The two girls were jolted out of their conversation as Laurie strode into the locker room, carrying a cardboard box under her arm. The raven-haired captain always made a splash when she entered the room, her colossal chest and confident manner demanding attention. Lately, her new-found girth made her even more difficult to ignore, as she piled pounds onto her once lithe frame. 

All the cheerleaders struggled to their feet as Laurie glared down at them. It was only then that they noticed that Laurie wasn't dressed in her usual attire. She was wearing a pair of spandex shorts, cut almost scandalously low on her waist and clinging tightly to her chunky thighs. Her short-sleeved top was also cut low with a deep, plunging "v" in front. A series of laces held the V relatively closed, although the straps pressed tightly into her balloon-like breasts when she breathed. 
Laurie had long fantasized about sexing up the squads' uniforms, just to call more attention to herself, but, as long as she'd been stuck with the old uniforms, she couldn't do that. Now, however, the squad's ballooning waistlines had given her the perfect excuse to do what she'd always wanted. And it was obvious that no teacher cared enough to double check that Laurie's order met the school dress code. 

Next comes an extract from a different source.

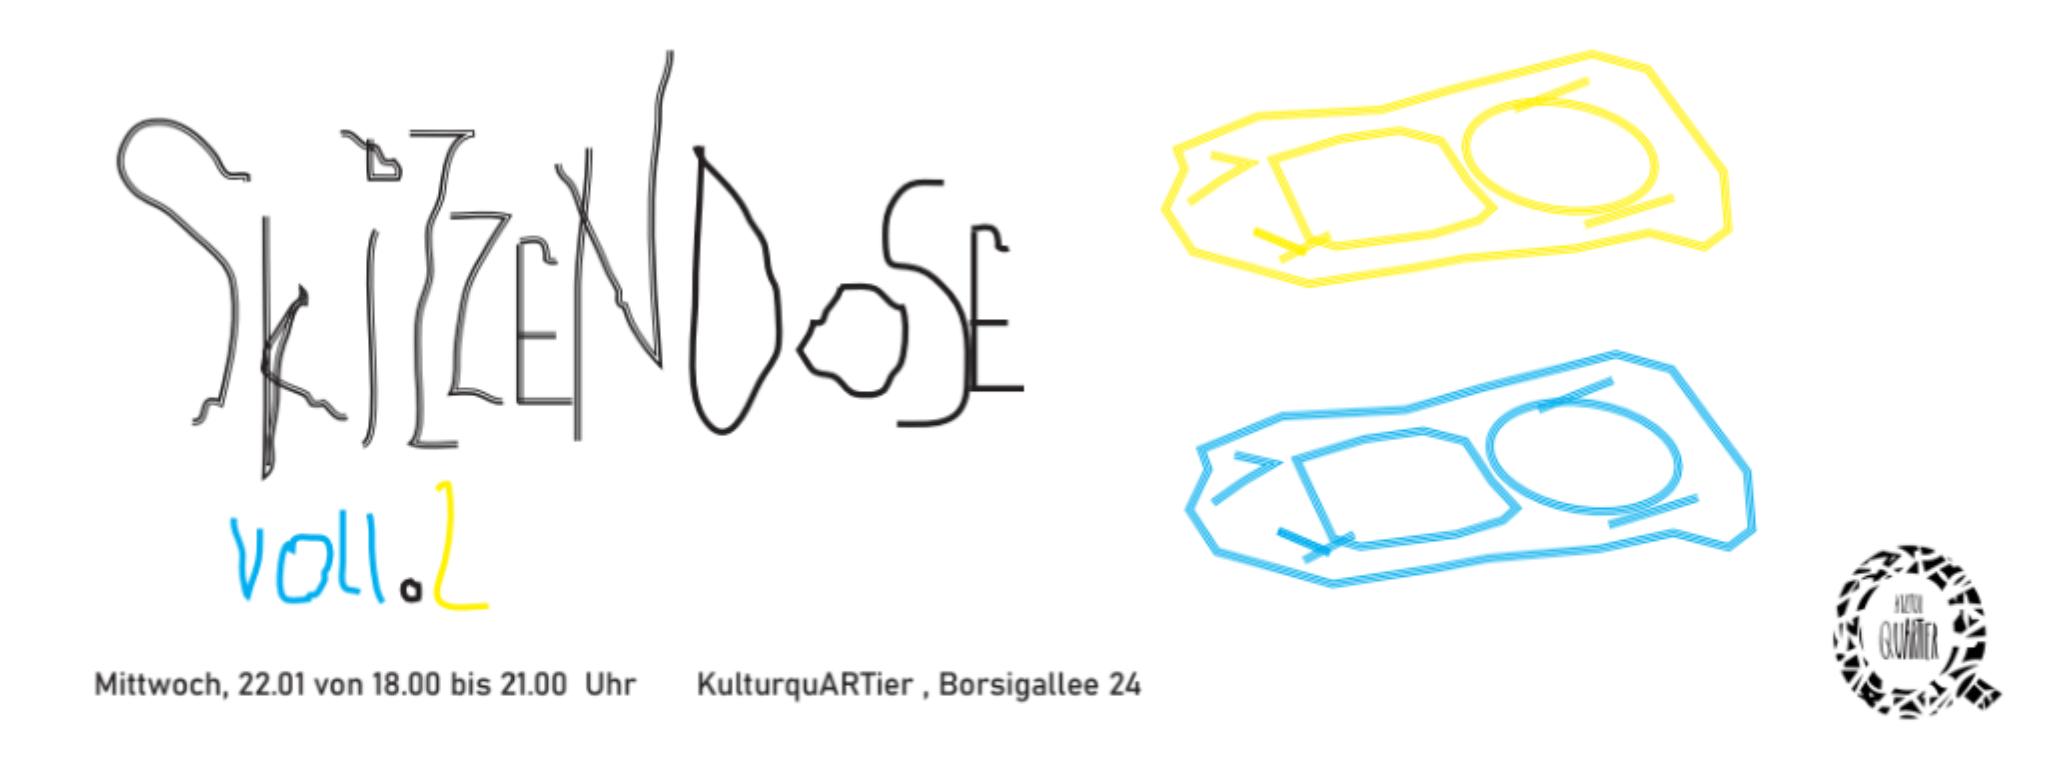 SkizzenDose voll.2

They had probably assumed that a girl of Laurie's weight would know better than to order something so tight and unflattering, but they hadn't counted on Laurie's ego being even more massively bloated than her body.

"I hope you greedy guts are all happy," sneered Laurie derisively, "Thanks to your incessant eating, I've had to order new uniforms for the whole squad! Don't think I haven't noticed just how pudgy you little prima donnas have become lately. Jen! Is that a candy bar?"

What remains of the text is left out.